Federspiel added that he is working on acquiring more funding for this program.

“I have applied for some grants,” he said. “We haven’t been approved for any of the grants, though. It’s pretty competitive for the grants for this. It’s hard for us to compete with big cities that have on-site vets.”

Federspiel said he takes about six cats each week to get spayed or neutered and then holds those cats for an additional five days to make sure they recover. Once they recover, the cats will be released.
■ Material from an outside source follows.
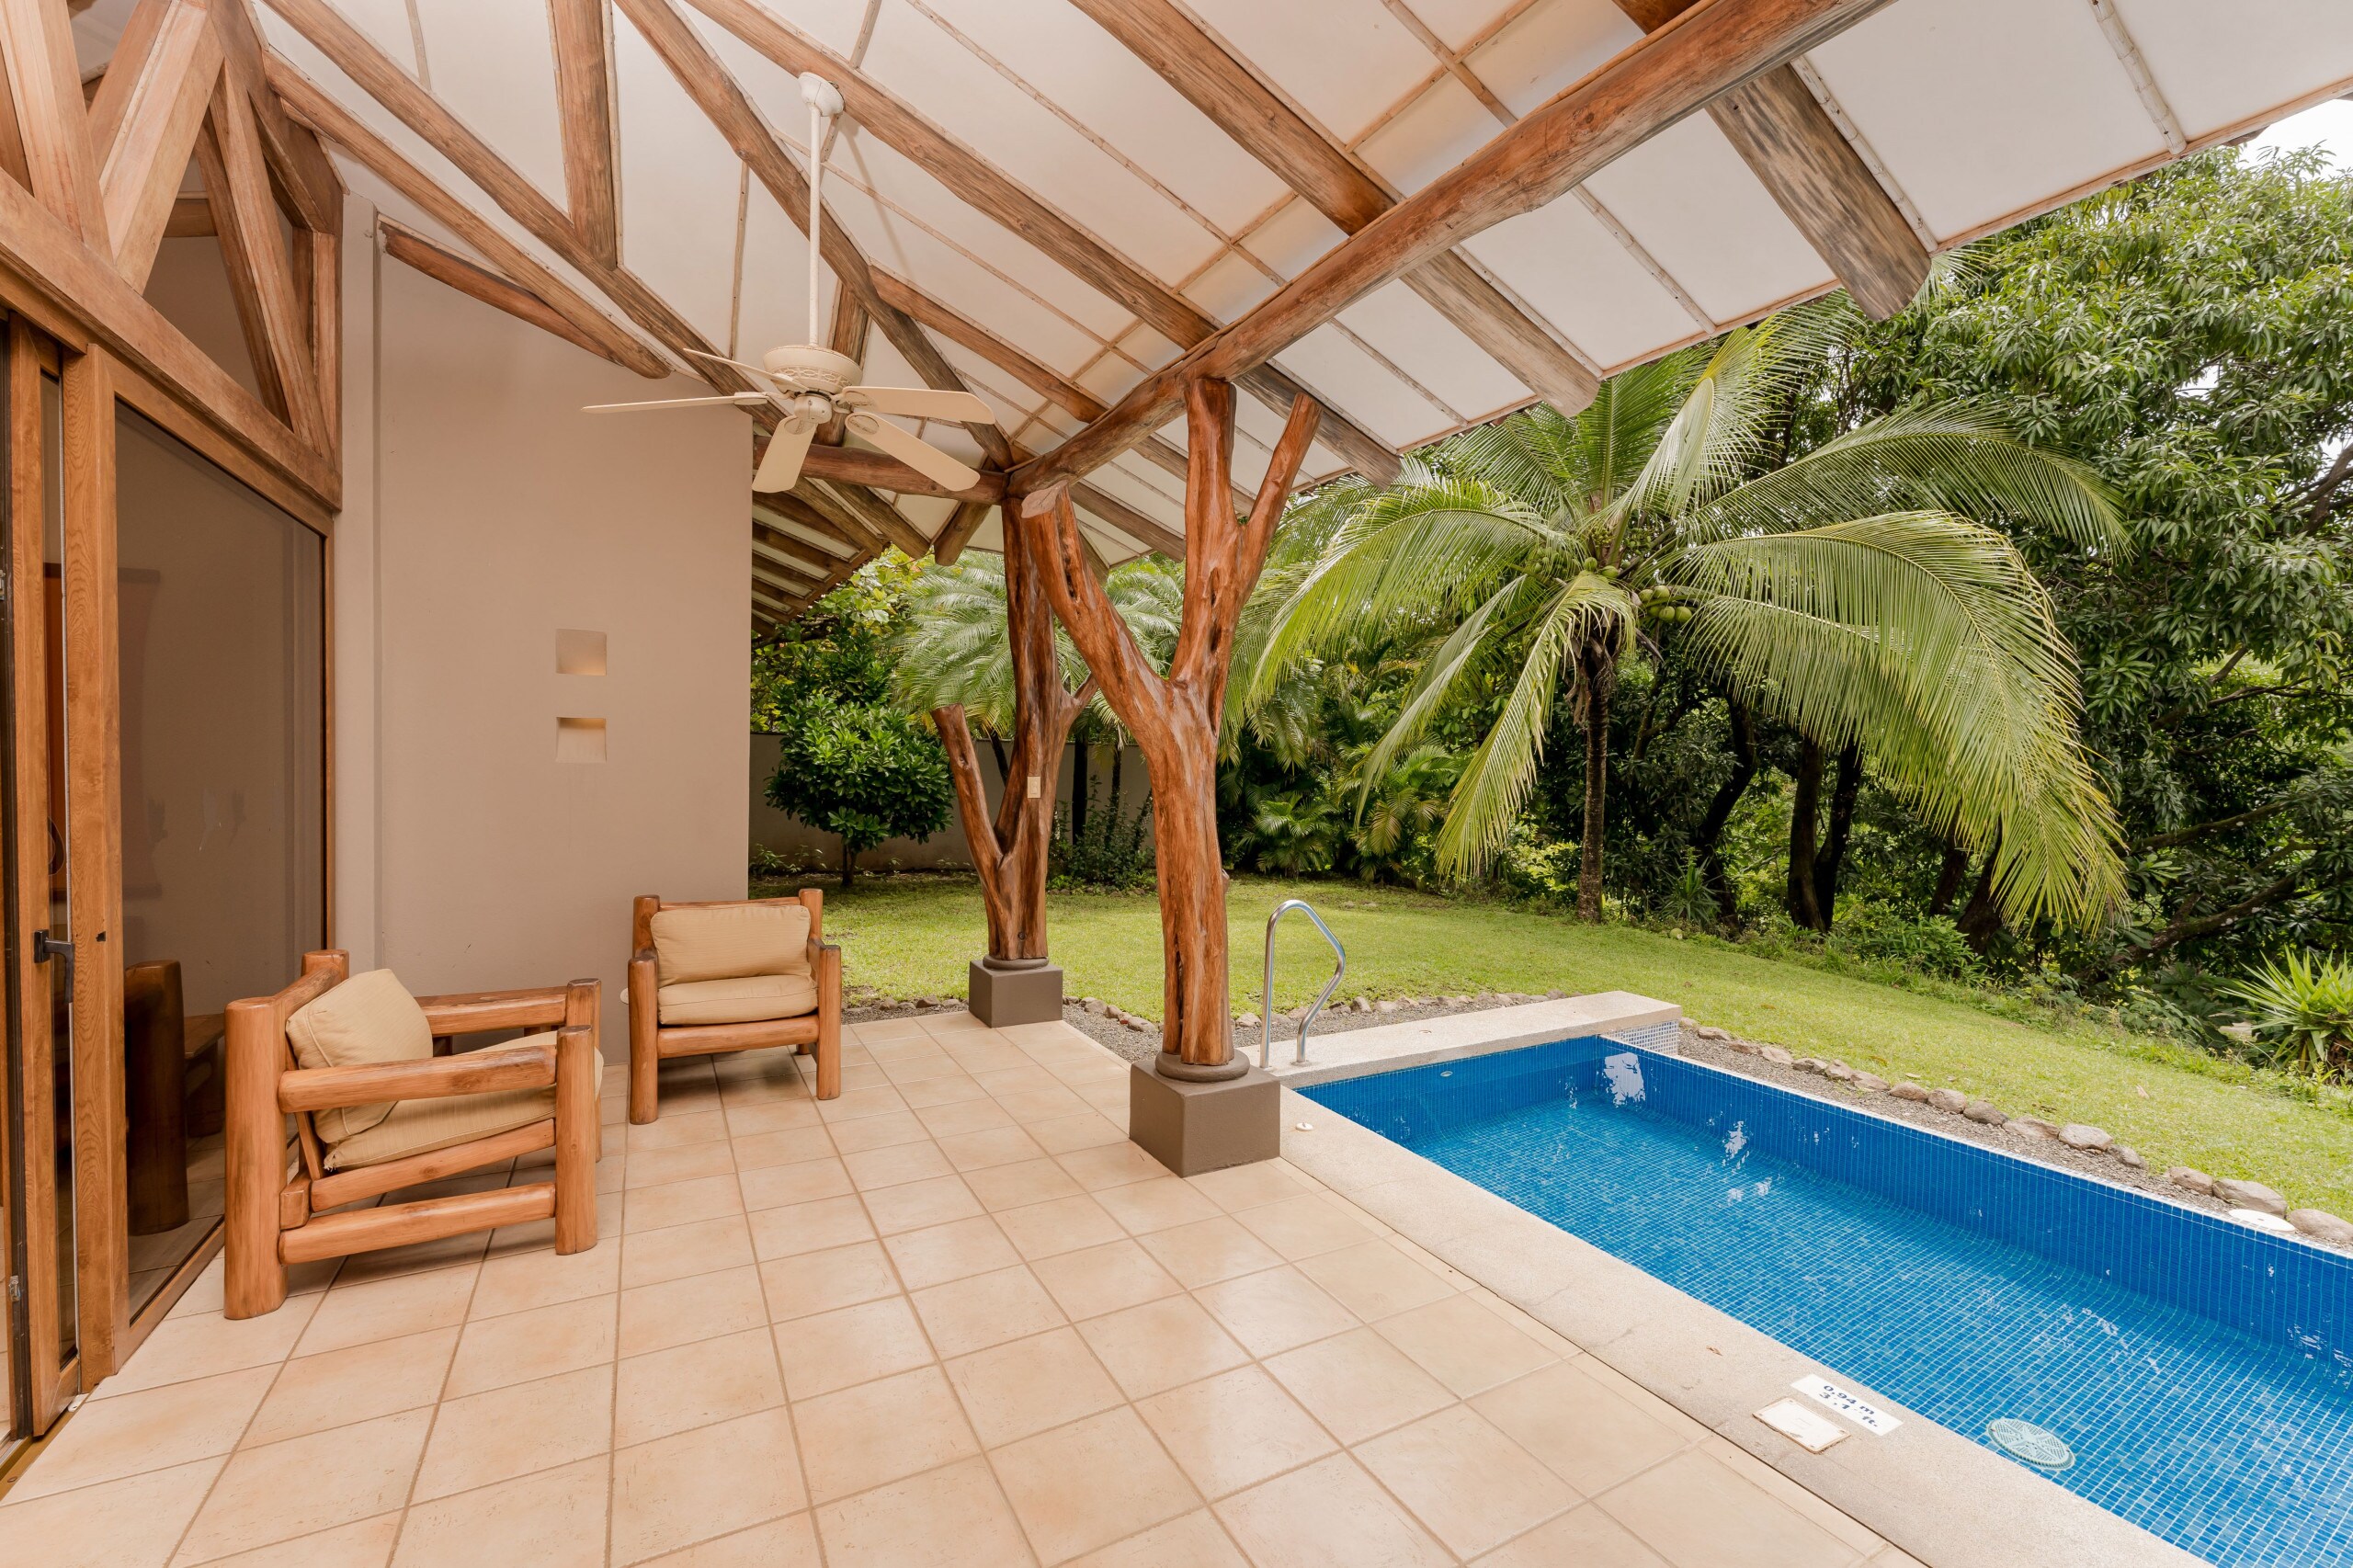 Property Image 2 - Laurel, charming, private, and rustic-style 3 bedroom villa

For people who have outdoor cats, Federspiel said he hasn’t quite worked out a way to separate strays from pet cats. He added all cats that are running around Havre will get spayed or neutered at some point. The shelter has a cat in the back that is an unclaimed domestic, friendly cat that is being held until they can find a home for it, he said.

“I have talked to a couple of people that have cats that are outdoor cats. They’ve taken them inside now that we are doing this. A couple of those are not fixed and we’re going to include those in this program and get them fixed because they are part of the problem,” Federspiel said.
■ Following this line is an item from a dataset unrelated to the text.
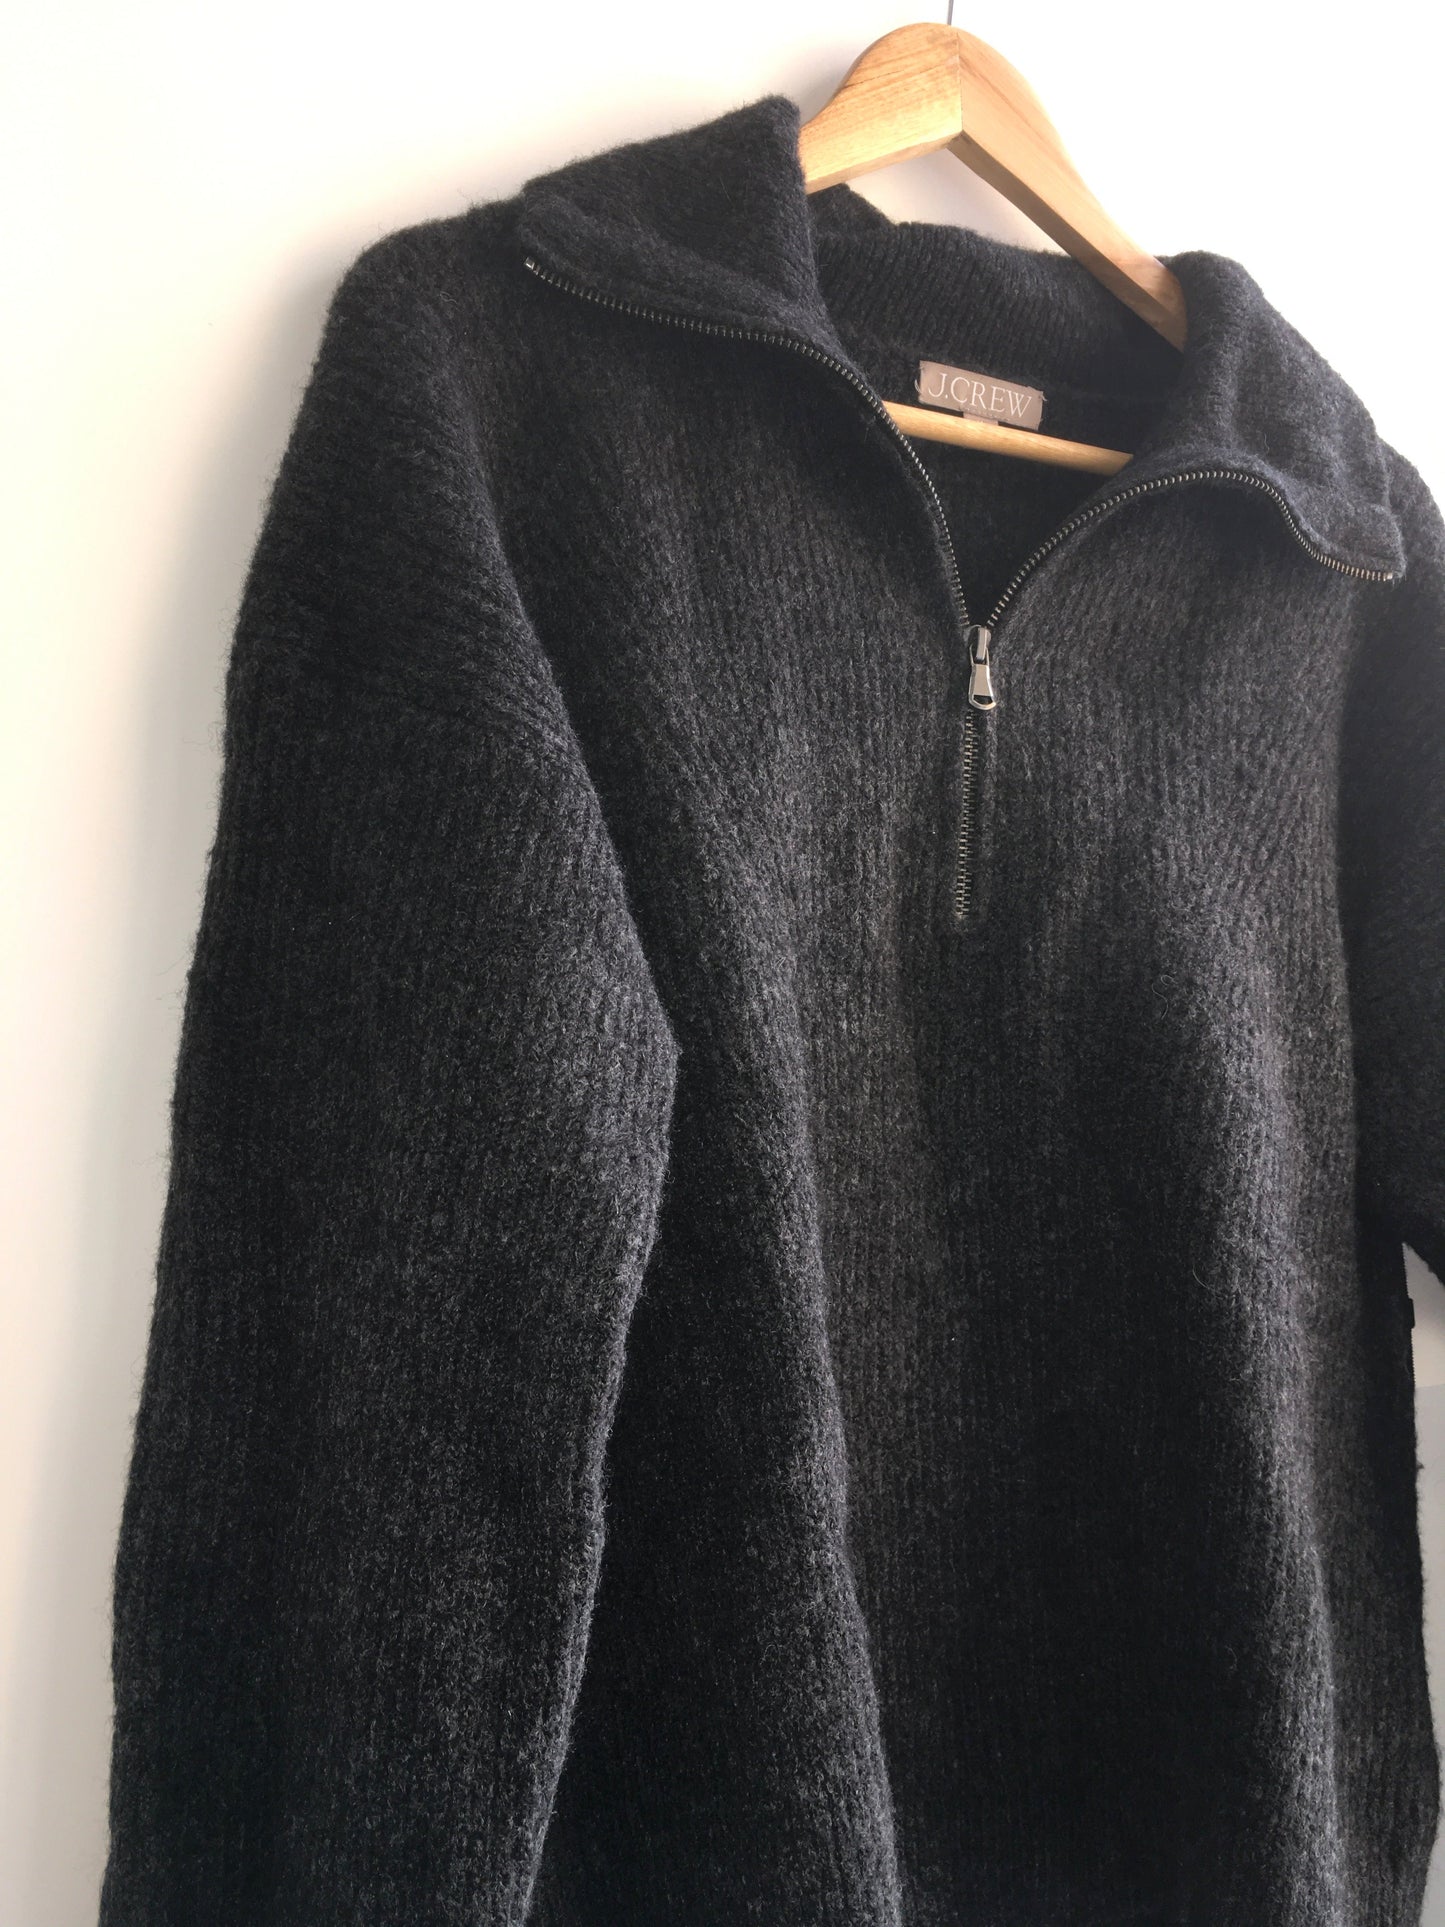 Sweater By J Crew  Size: M

Federspiel said he wasn’t planning on starting this project so soon. He had originally anticipated a start date sometime in the winter. He added that he didn’t have everything in place when he started to house all the cats he trapped in the beginning. Another off-site facility is used where the overflow of cats can be sheltered.

“I’ve done all right so far in here,” Federspiel said.

He added that his main facility off of Second Street can house 13 cats long term but the kennels can be divided if needed and that increases capacity to 26 cats. Holding that many cats would only be short term, he added.

Federspiel said he moved up the start date because a local maintenance person at Oakwood Village had alerted Federspiel about a cat problem in that area on the east end of town.

Federspiel is starting the spay and neuter and release program in the Oakwood Village area along U.S. Highway 2 including the Hacienda Trailer Park. He added the area of operations will cover three blocks.

Federspiel said he is almost done trapping and spaying/neutering cats in the initial area and has about five or 10 cats left to trap before he can move on.

Federspiel did not say what area he would focus on next.

“I’ve had a lot of people call from other areas who are expressing concern about the number of cats in their neighborhood or their yards,” he added. “Hopefully, we can move on after this. This entire thing is just based on funding.”